On the other hand, as your webhome directory becomes cluttered through
the year you may want to tidy it up by putting various projects in
separate subfolders: if you've used relative URLS you can easily move the
files around (or on to a floppy) without having to go and change all the
links.
There's no right answer to which you should use: this depends on the
application (hint - for now the short form is probably easier).
There's also an added complication: the BASE HREF
tag.
BASE HREF
TagWouldn't it be great if you could define the URL used to interpret relative URLs ? Well, now you can:
<BASE HREF="http://www.brunel.ac.uk/~eg00xwp/">
The BASE HREF
tag goes inside the <HEAD>
section of an HTML page. All relative tags are resolved using this path, rather
than the actual URL of the current document. The trailing "/
" is needed
to avoid confusing some browsers.
Unfortunately, I find this tag tends to combine the disadvantages of both relative and absolute URLs, rather than their advantages. In practice most of the donkey work is now done by website creation packages anyway.
If you are linking to a long webpage then you may want to take people directly to the interesting part, rather than just to the top. There are two ways to identify sub-sections in an HTML document.
The traditional method is to use the A NAME
tag to mark a
convenient section of text as a named `bookmark', which can act
as a destination for a hyperlink:
... and some <A NAME="anchor">interesting facts</A> include...
This will invisibly make the words "interesting facts" into a bookmark named "anchor".

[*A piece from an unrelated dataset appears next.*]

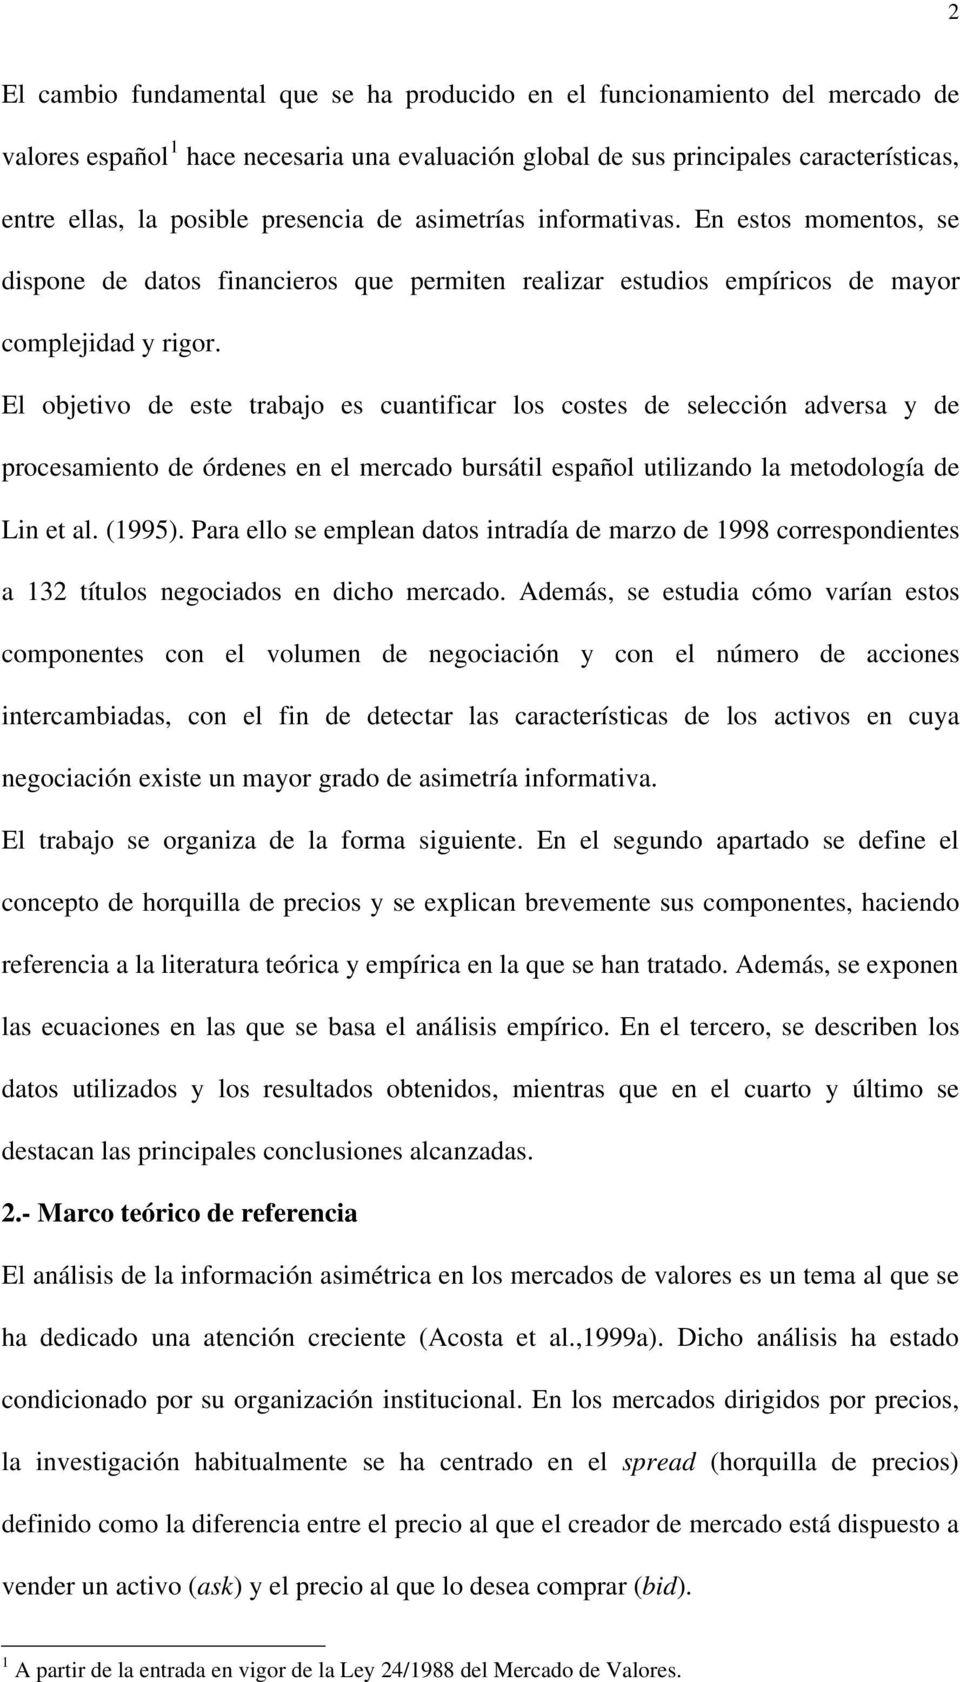 El objetivo de este trabajo es cuantificar los costes de selección adversa y de procesamiento de órdenes en el mercado bursátil español utilizando la metodología de Lin et al. (1995).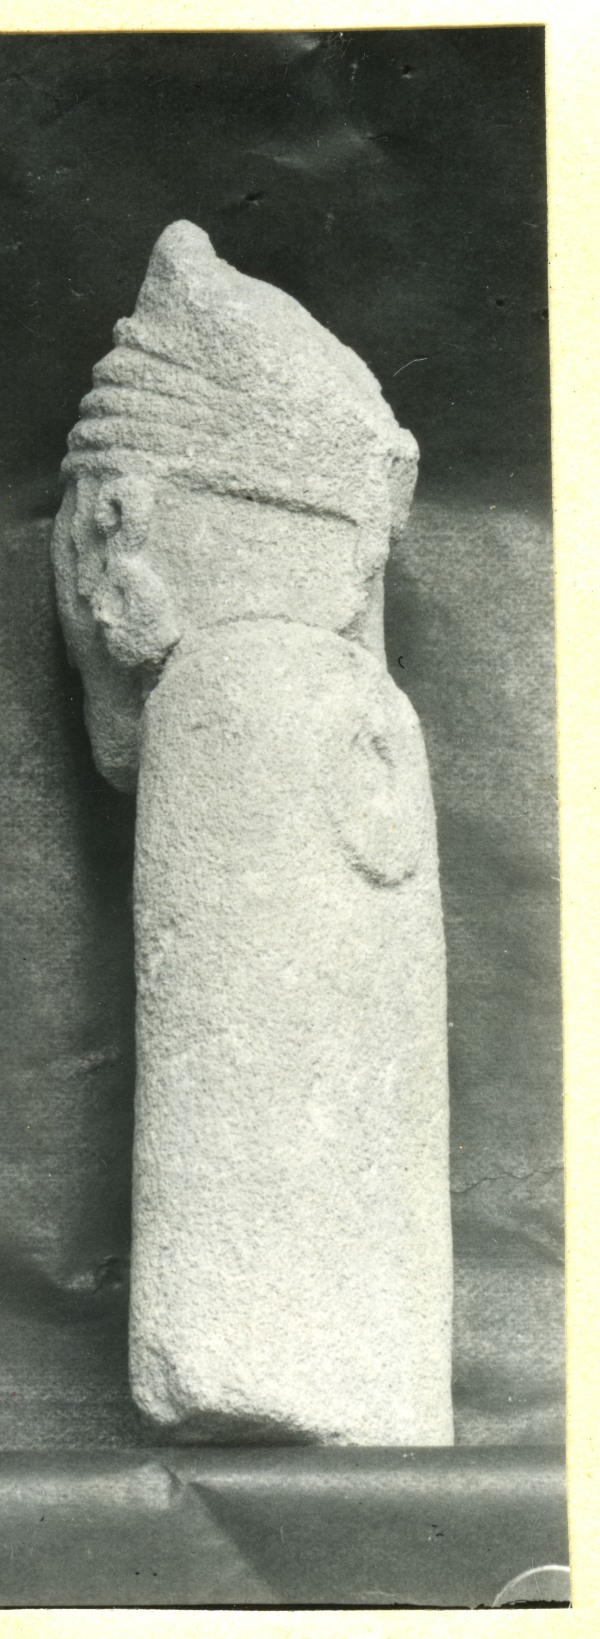 Plano posterior de escultura de dama enjoyada hallada en el Santuario de El Cigarralejo (exvoto nº 4).

In newer browsers and revisions of HTML, an increasing number of tags can
also accept the ID
attribute, which has a similar effect:
<H2 ID="bookmark">Linking to Document Subsections</H2>
So far we have just set up the targets, we still have to link to them.
We do this simply by adding a "#
" followed by the bookmark name
to the end of the URL, e.g.
<A HREF="page2.html#anchor">Some interesting facts</A>
The name you use for a bookmark must be a single "word" (it can
include numbers) and must be unique within a single webpage. To link to a
bookmark elsewhere in the same page, just use a relative URL with no file
name: <A HREF="#bookmark">
It's a good idea to get into the habit of adding a TITLE
to your links:
<A HREF="page2.html#anchor" TITLE="Interesting tutorial (Audio file)">Some interesting facts</A>
Newer graphical browsers can display the title as a cute little pop-up when you move the mouse pointer over the link. It can also provide useful navigational information for users, especially if you provide concise, detailed information A link title is particularly important when linking to a standalone image or sound file.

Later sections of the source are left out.